And, so, it was the posture of God that night. Though no studies have been written to qualify the odds of the whole Jesus being born in a manger thing working out, we know the fates of this world were all stacked against this plan working out too.

Really, who could believe that a teenaged mother and a lowly group of animal watchers in a borrowed stable could be a part of something magnificent? What a motley crew!

But, yet we know on that Holy Night, the greatest lottery of all times came to be won as Jesus came forth and became called, Emmanuel, God with Us—welcomed by just these folks.

Though such a story can be hard to believe sometimes, especially for the most skeptical and analytic among us.

But our faith asks us to believe in the most bizarre of circumstances that God hit the jackpot that night and a child, who was called Christ.

And here is the real question: do we really want a story that makes perfect sense that is fully understandable? Do we really want a God in our lives who is just like us?

I don’t know about you, but as this year comes to a close and I look at all that has gone wrong and all that is not right in this world (oh the lists we could make!), I know one thing: that I don’t want my God to be just like me.

I don’t want my God to give me exactly what I deserve.

I don’t want my God to be one in whom I understand, explain away and make into a pretty scene sitting on my coffee table.

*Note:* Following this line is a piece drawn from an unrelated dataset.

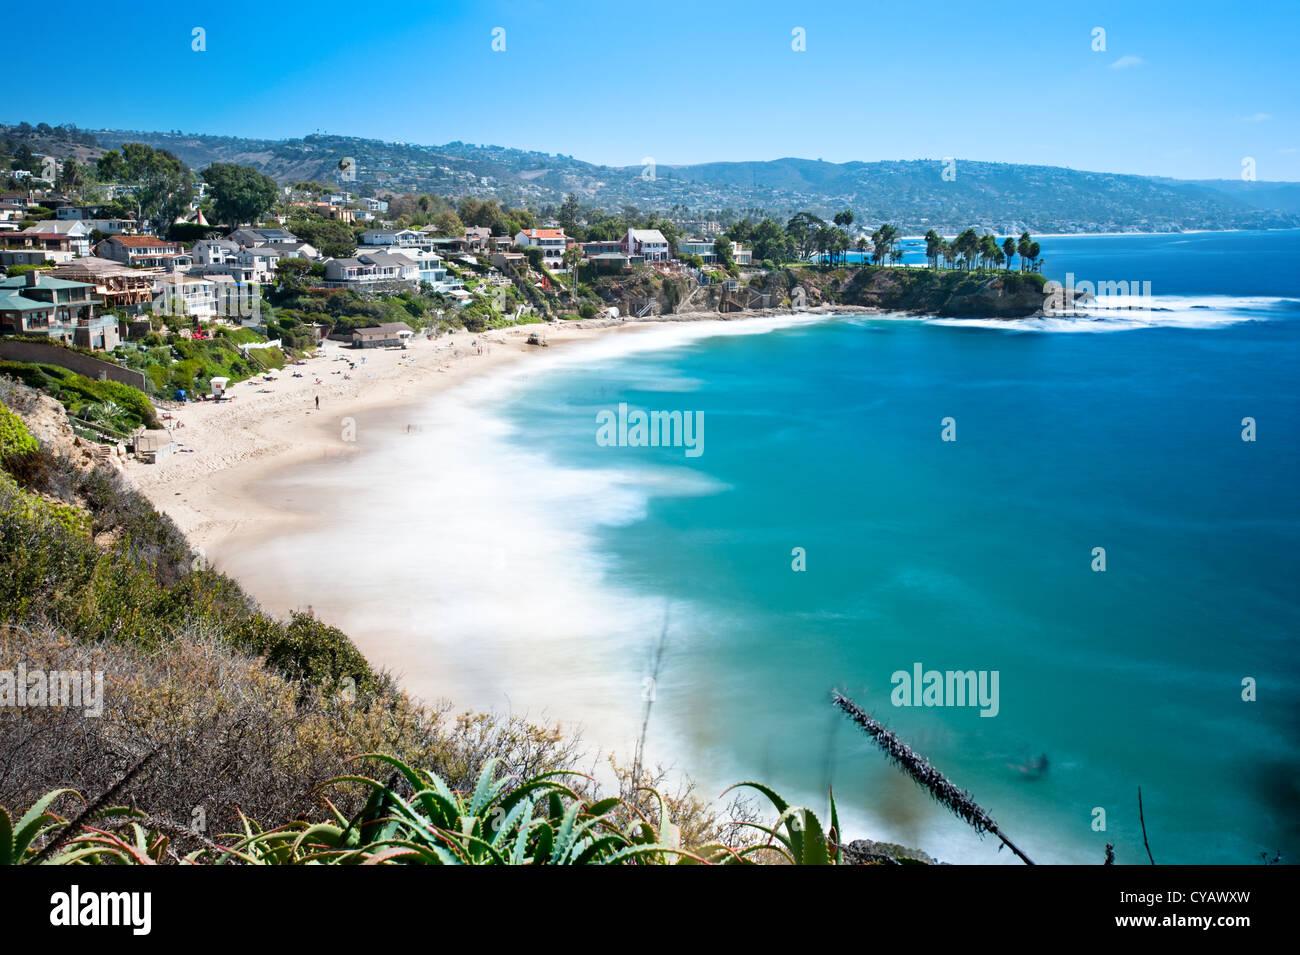 An image of a beautiful cove called Crescent Bay in Laguna Beach, California. - Stock Image

No, because life is just too messy. Life is just too painful. Life is just too busy. Life is just too unfair to hang my hopes tonight on a story I am in control of!

For, I need a God who is faithful, even beyond my most faithful friend to bring about something beautiful in my life.

I need a God who can work through the most impossible of circumstance to bring about something new, something that I cannot create on my own.

For, I need a God who can’t be explained through apologetics or formulas or charts.

I need a God who can align the paths and people and places of this world so that in the midst of darkness a great light is seen again.

For, I need a God who is beyond all comprehension as my ability to fathom mystery is to rational for the conception of something as wonderful as Savior born unto me again this evening.

For, I need a God to do the impossible . . . . to show up, to be present once again and to show me that life is not as it seems just as it is now.

If you are with me with any of this, then I tell you the good news this evening: Christmas, then, is just for you.

For just as we have been on this Advent journey all month, waiting for something, hoping for something, rejoicing with what was not yet, and imagining the possibility of loving fully once again: on Christmas Day, such blessing IS here.

The incarnation—this impossible thing— is a sign to us that no matter what happens in your life and mine or in this crazy world of ours, the impossible is always possible. And, we are not alone!

God came to earth and took a body. A body in all its messiness! God became one of us. If this is not humility and love, I don’t know what is!

What a gift! What a night! What a baby we have to celebrate!